Prior to joining the University of Colorado faculty, Spain Bradley served as the deputy director of the UCLA Burkle Center for International Relations and a lecturer at the UCLA School of Law. She previously served as attorney-adviser at the U.S. Department of State’s Office of the Legal Adviser and as a delegate to the United Nations Compensation Commission in Geneva, twice earning the State Department’s Meritorious Honor Award. She has held positions at the U.S. Environmental Protection Agency, where she worked on climate change policy, and at the Office of the U.S. Trade Representative, where she worked on international trade agreements. In addition, she has more than 20 years of experience as a mediator helping communities and people resolve disputes and end conflicts, and she is a founding member and former board member of Mediators Beyond Borders International. She occasionally serves as legal counsel for nations before international tribunals and frequently gives keynote talks to a variety of audiences.
A member of the Council on Foreign Relations, Spain Bradley is also a former member of the Executive Council of the American Society of International Law, a member of Alpha Kappa Alpha Sorority, Inc., and a member of the state bar of Pennsylvania. She earned her B.A. in environmental studies at Denison University and her J.D. at Harvard Law School, where she served as an executive editor of the Harvard Human Rights Journal. She has worked in Africa, Asia, the Caribbean, Europe, North America and South America.
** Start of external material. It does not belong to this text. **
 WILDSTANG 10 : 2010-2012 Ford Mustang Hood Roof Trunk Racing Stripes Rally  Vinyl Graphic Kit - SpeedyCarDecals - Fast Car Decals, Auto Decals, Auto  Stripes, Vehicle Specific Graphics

Spain Bradley will succeed Jerry Kang, UCLA’s inaugural vice chancellor for equity, diversity and inclusion, who will return to research and teaching on June 30. Carole Goldberg, the Jonathan D. Varat Distinguished Professor of Law Emerita and former vice chancellor for academic personnel, has agreed to serve in the position on an interim basis through July and August, until Spain Bradley’s term commences.
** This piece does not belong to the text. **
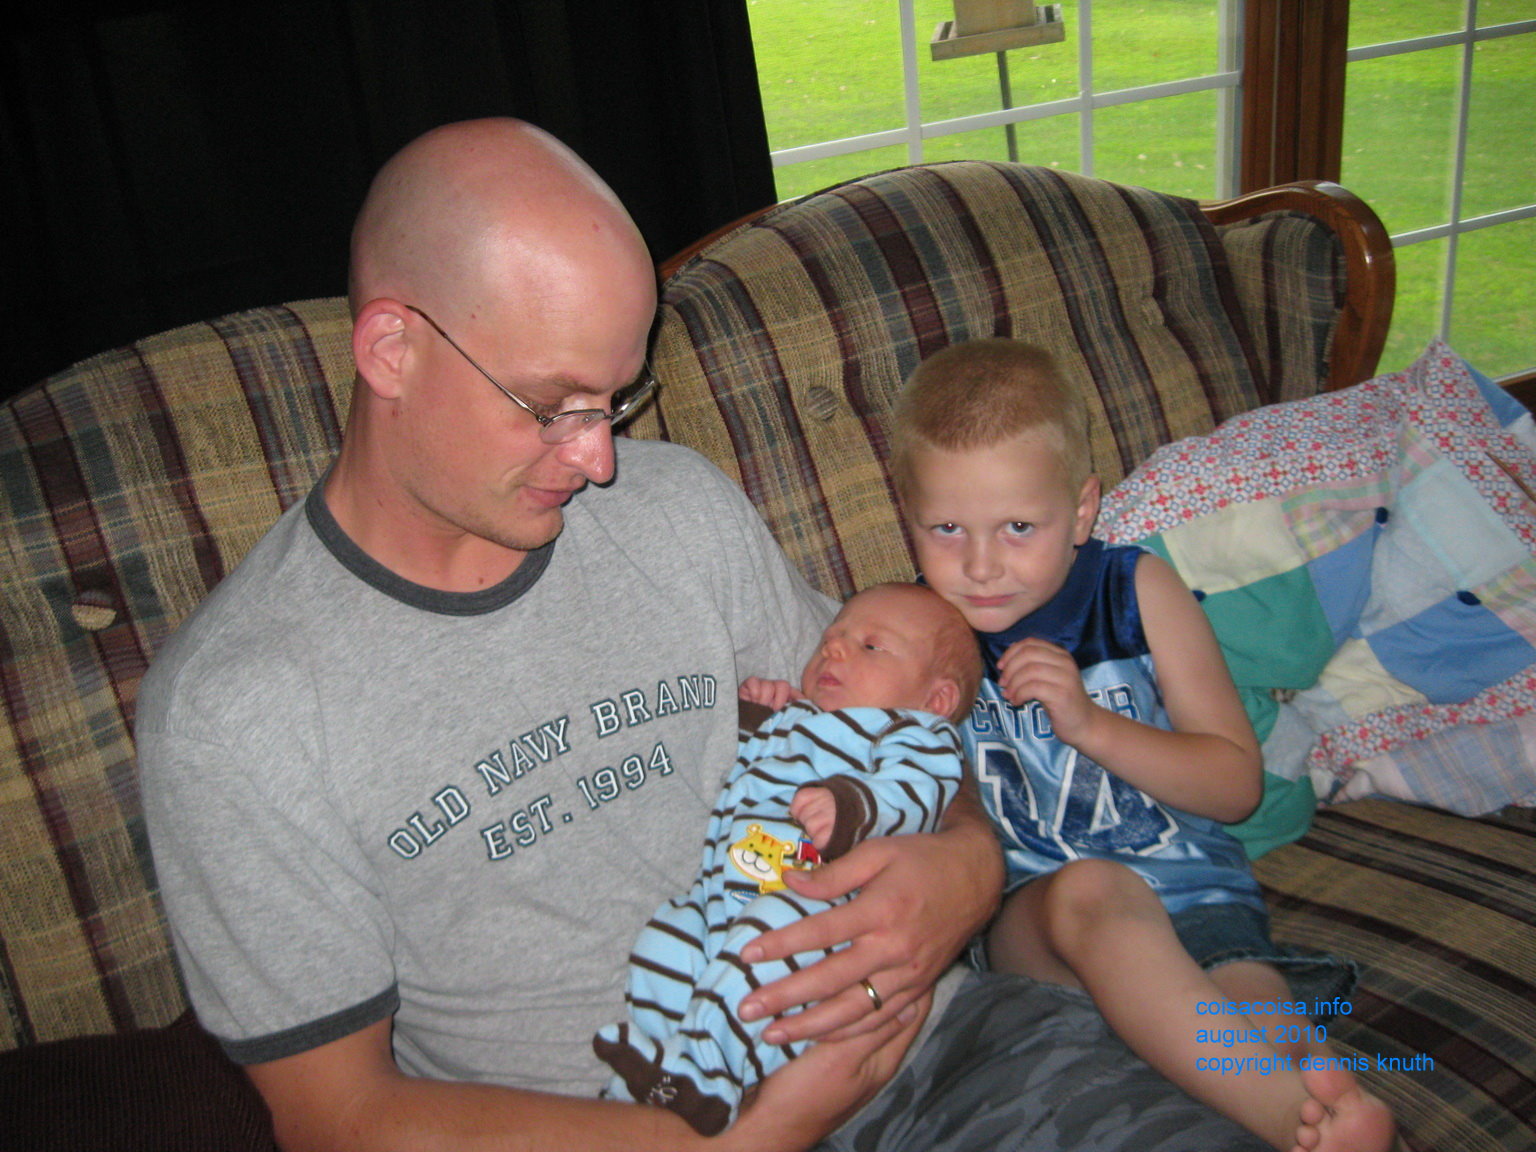 Jared looks suspicious with his dad holding new cousin Colin

“I also want to recognize and thank Jerry Kang for his exemplary leadership as our inaugural vice chancellor for equity, diversity and inclusion since 2015,” said Carter, who also noted that she and Chancellor Gene Block recognize this position’s paramount importance to the campus community. “As Chancellor Block mentioned in a campus announcement last fall, the procedures and systems Jerry established have provided us with an institutional map to help inform and guide our continued efforts to advance equity, diversity and inclusion at UCLA.”